It is measured that: when the motor is in idle load, the idle load current of the motor is 18 amperes; when the motor works under the rated working condition, the three-phase load current of the motor is 29 amperes on average.

According to the load current 29A of the motor, the following load data of the motor can be calculated:

(1) the known apparent power is: s_C＝1.732×0.38×29＝19kVA。

(2) No-load current (electrical engineering manual K ═ 4.2):

(3) load power:

(4) reactive power:

(5) load current:

(6) reactive power ratio:

the natural power factor of the motor is found to be 0.74 through a reactive power ratio table, the natural power factor cannot reach the national standard, electric energy is wasted, and reactive compensation is carried out when the power factor is increased to 0.9.

And (4) table lookup: coefficient K is 0.425, required capacitance compensation capacity: q is 14kW multiplied by 0.425 5.95 kvar.

The results after compensation are shown in table 2:

TABLE 2 Compensation results

Compensated load current:

active power loss:

test example 3

The test example measures and calculates the load current and the active power consumption of the rare earth feed liquid tank body when the rare earth feed liquid tank body works under the specified load after the energy-saving transmission device is installed. Under the appointed load, the rare earth feed liquid cell body can reach rated operating mode, makes the rotational speed of executive component 300 revolutions per minute for rated rotational speed.

The rare earth feed liquid trough body power component is 2 motors, each motor uniformly drives 5 mixers through the speed reduction of a first-level V-shaped belt pulley, and the mixers are execution components. V-belt pulley transmission efficiency eta₁＝0.95。

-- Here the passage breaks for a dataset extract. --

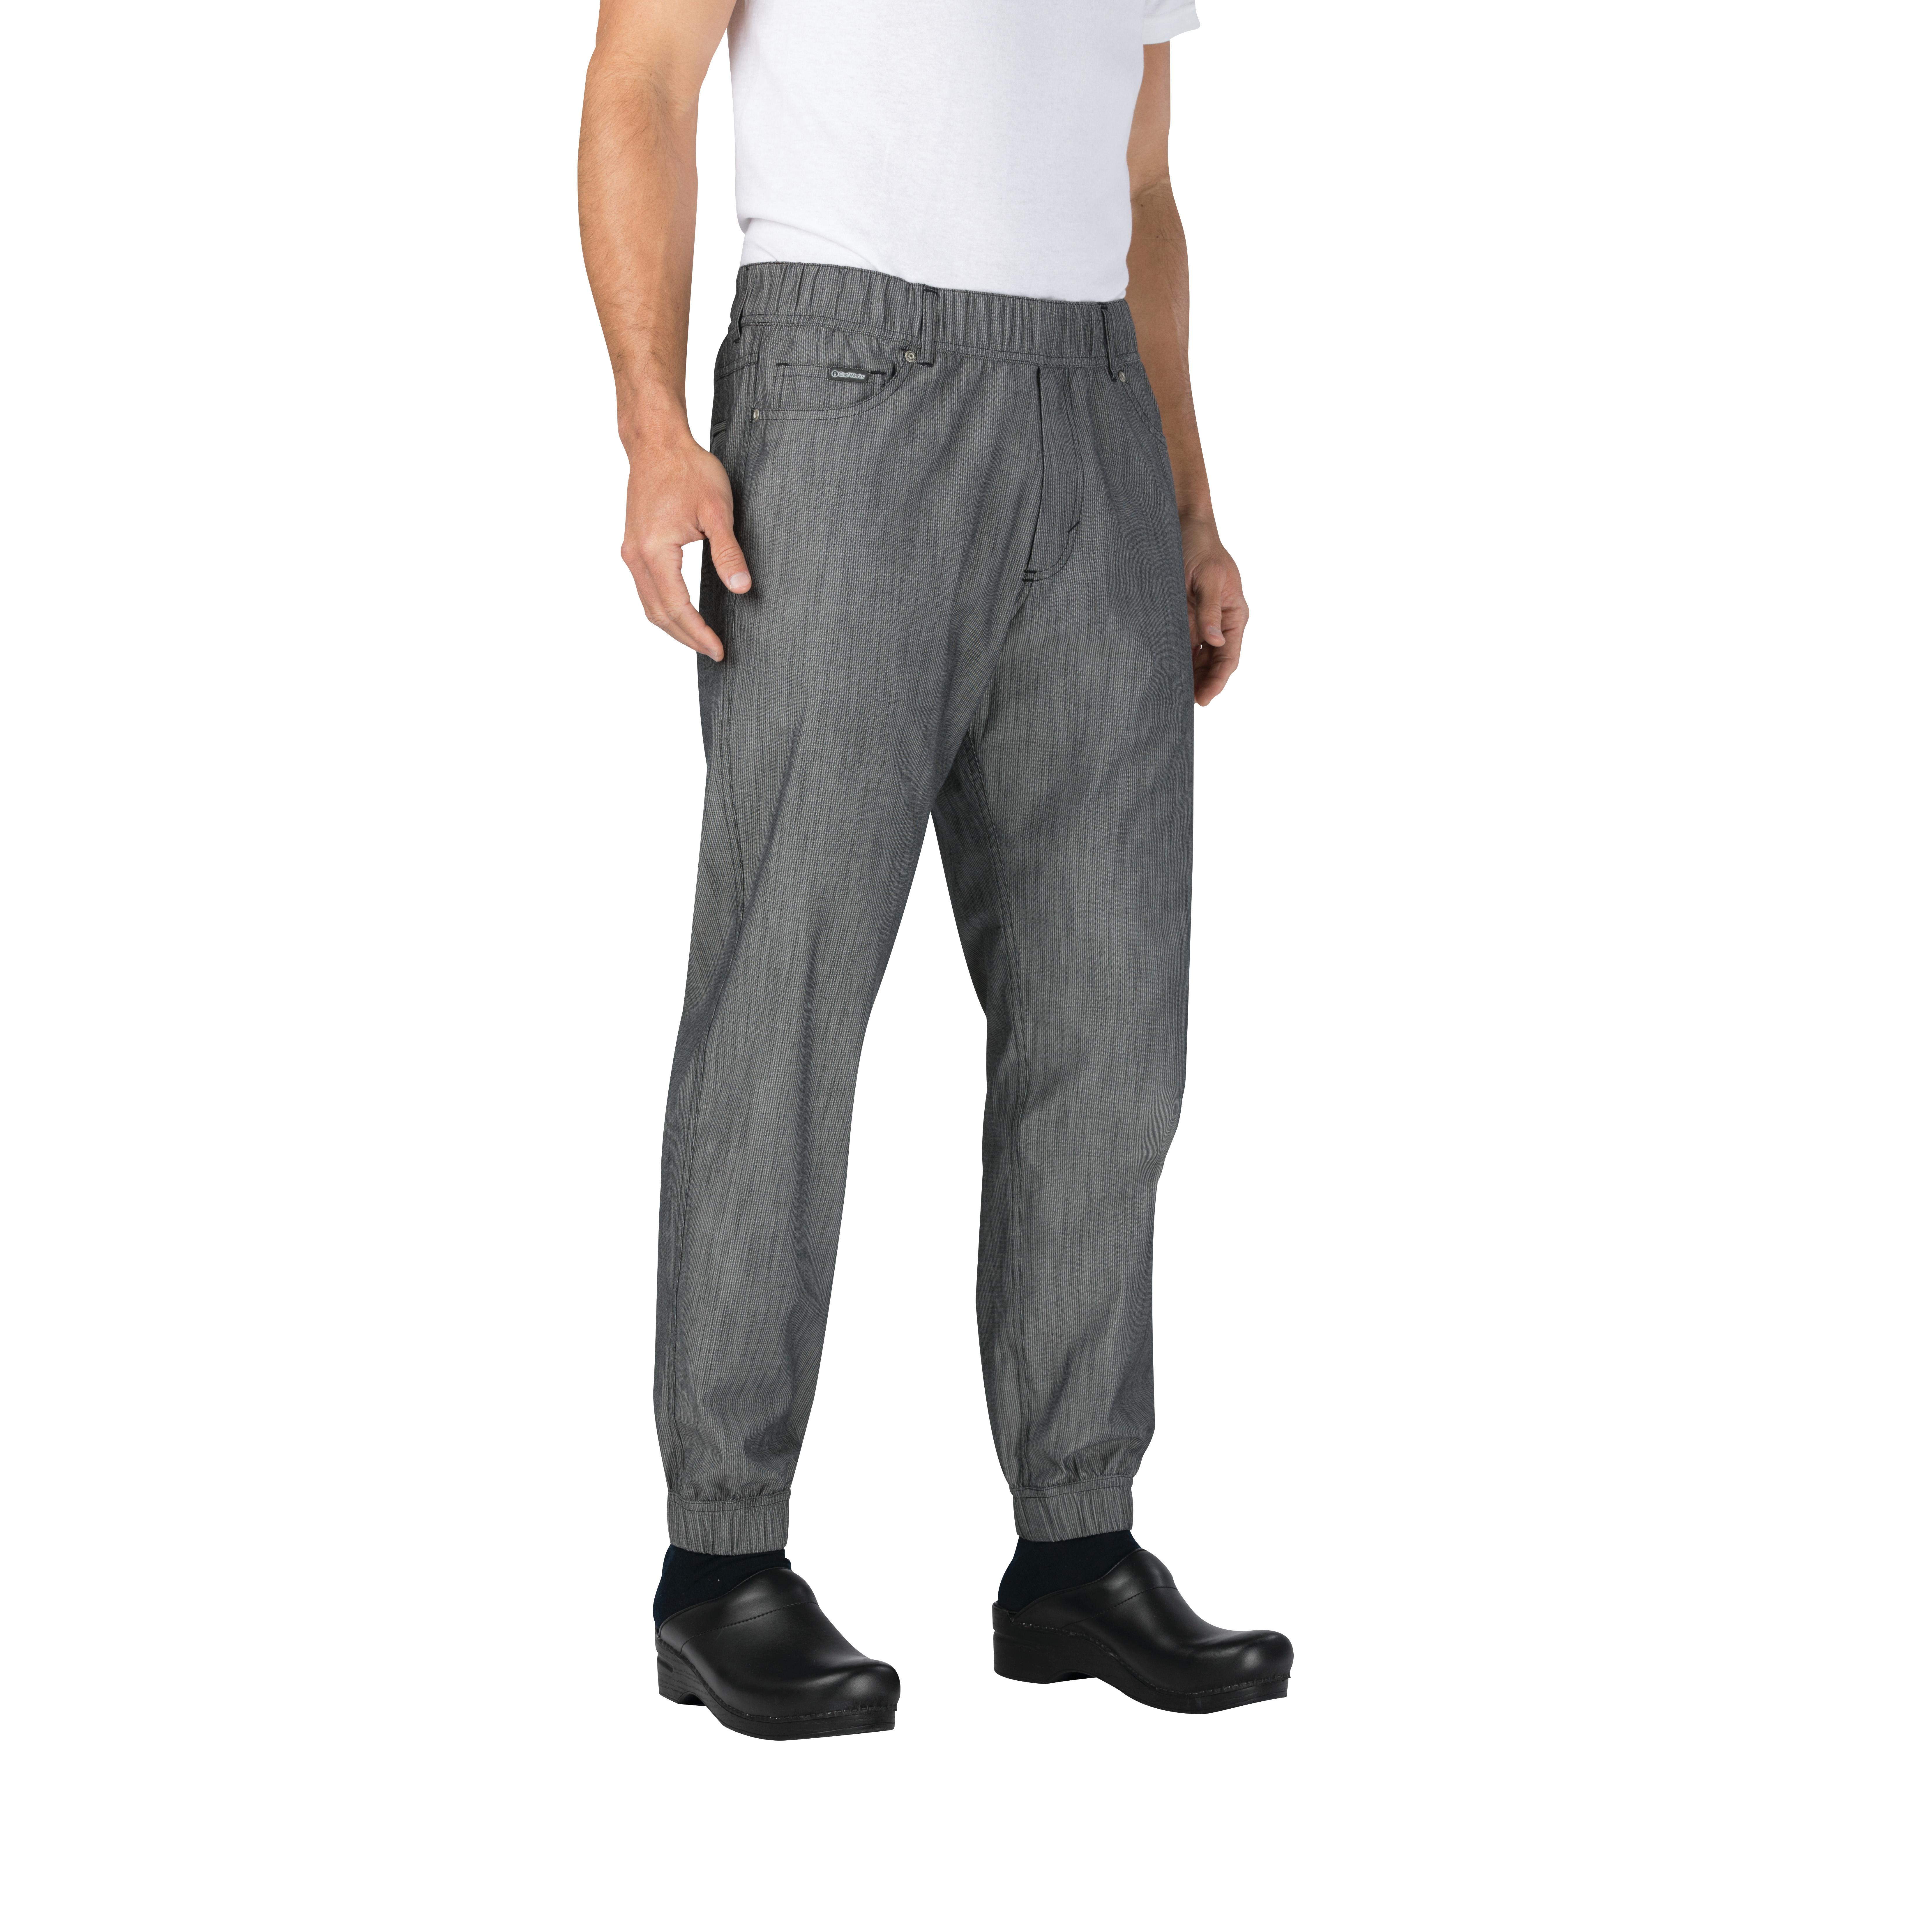 Chef Works PBE01BWSS chef's pants
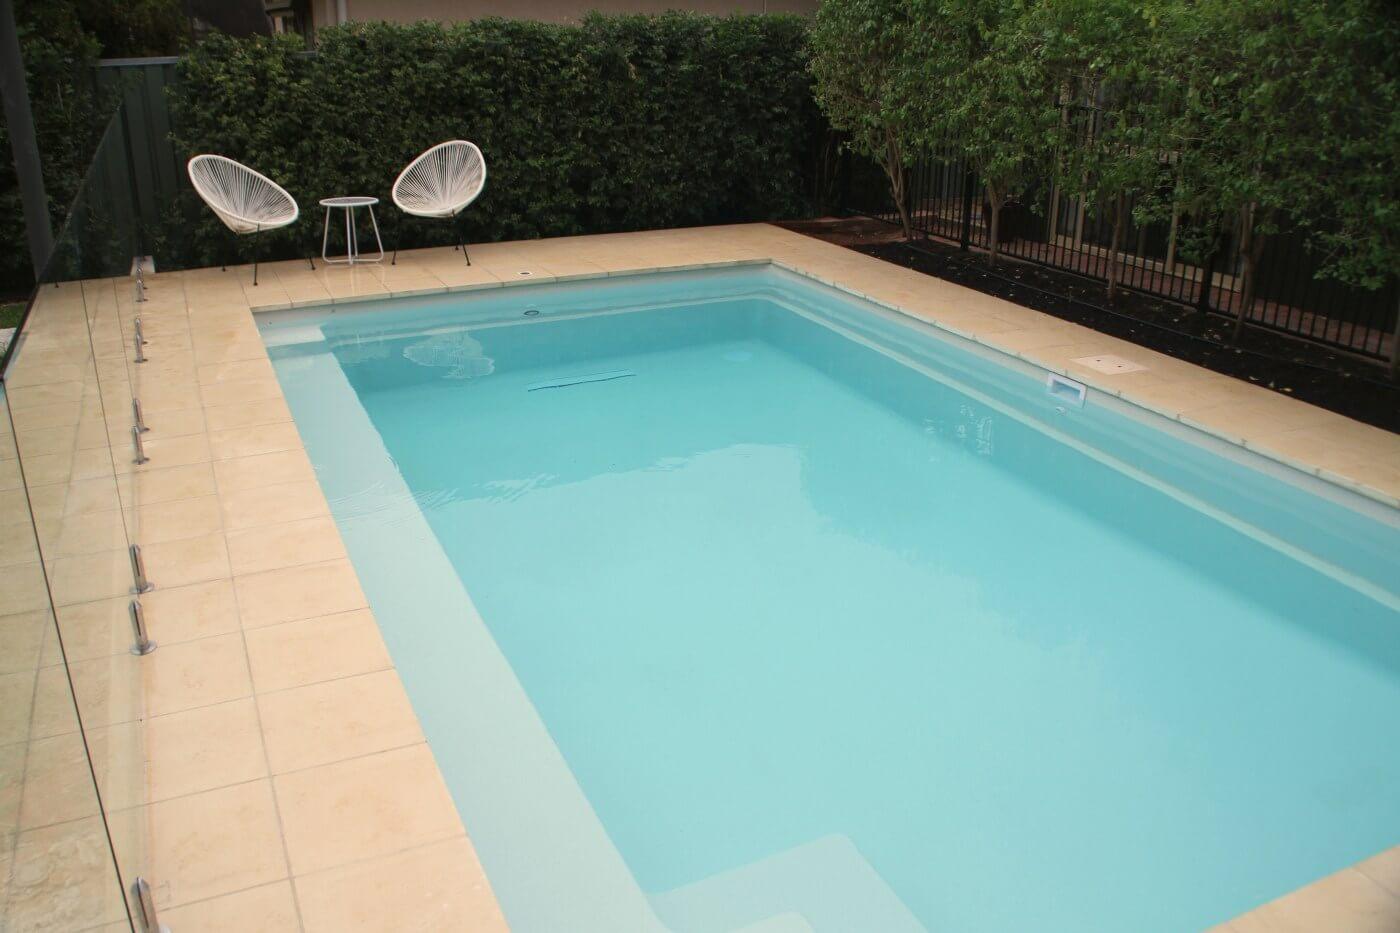 Sanctuary Pool - Relax and Family Fun | Compass Pools Australia

The original motor of the rare earth feed liquid tank body is replaced by a vertical motor with 0.75 kilowatt, the vertical motor is in transmission connection with an input shaft 114 of the gear box 100 through a V-shaped belt pulley of an original transmission assembly, an output shaft 116 is in transmission connection with a rotating shaft of the third gear 108, secondary transmission is carried out in the gear box 100, and the gear box relates to a 3-pair rolling bearing. The output shaft 116 is in transmission connection with the actuating assembly through a coupling. Is transmitted to an execution component by a motor and is fourAnd step speed reduction transmission. V-belt pulley transmission efficiency eta₁0.95, 3 pairs of rolling bearing transmission efficiency eta₂0.98, 2 pairs of gears η₃0.98, the transmission efficiency eta of the coupling₄0.99. The transmission efficiency eta of the existing transmission assembly_a＝0.98³×0.98²×0.95×0.99＝0.846。

The intelligent electric meter (model: DTZY 188-Z; meter number: 13000132448) is connected in series with 1 multifunctional network instrument (model: PD866E-9S4), and the electric power consumption is measured by adding a first-stage V-belt speed reduction uniform transmission 5 stirring machines to a 0.75 kilowatt motor transmission device under the condition of no local reactive compensation, and the measured data of the two intelligent electric meters are the same. The measured result is as follows: the phase voltages are 225 volts, 227 volts, 229 volts, respectively, so the average voltage is calculated to be 227 volts,

the load current is 1.77A, the active loss is 0.79 kW hour, the reactive loss is 0.93 Km hour, and the natural power factor is 0.64.

According to the load current of the motor being 1.77A, the following load data of the motor can be calculated:

(1) the known apparent power is: s_C＝1.732×0.38×1.77＝1.16kVA。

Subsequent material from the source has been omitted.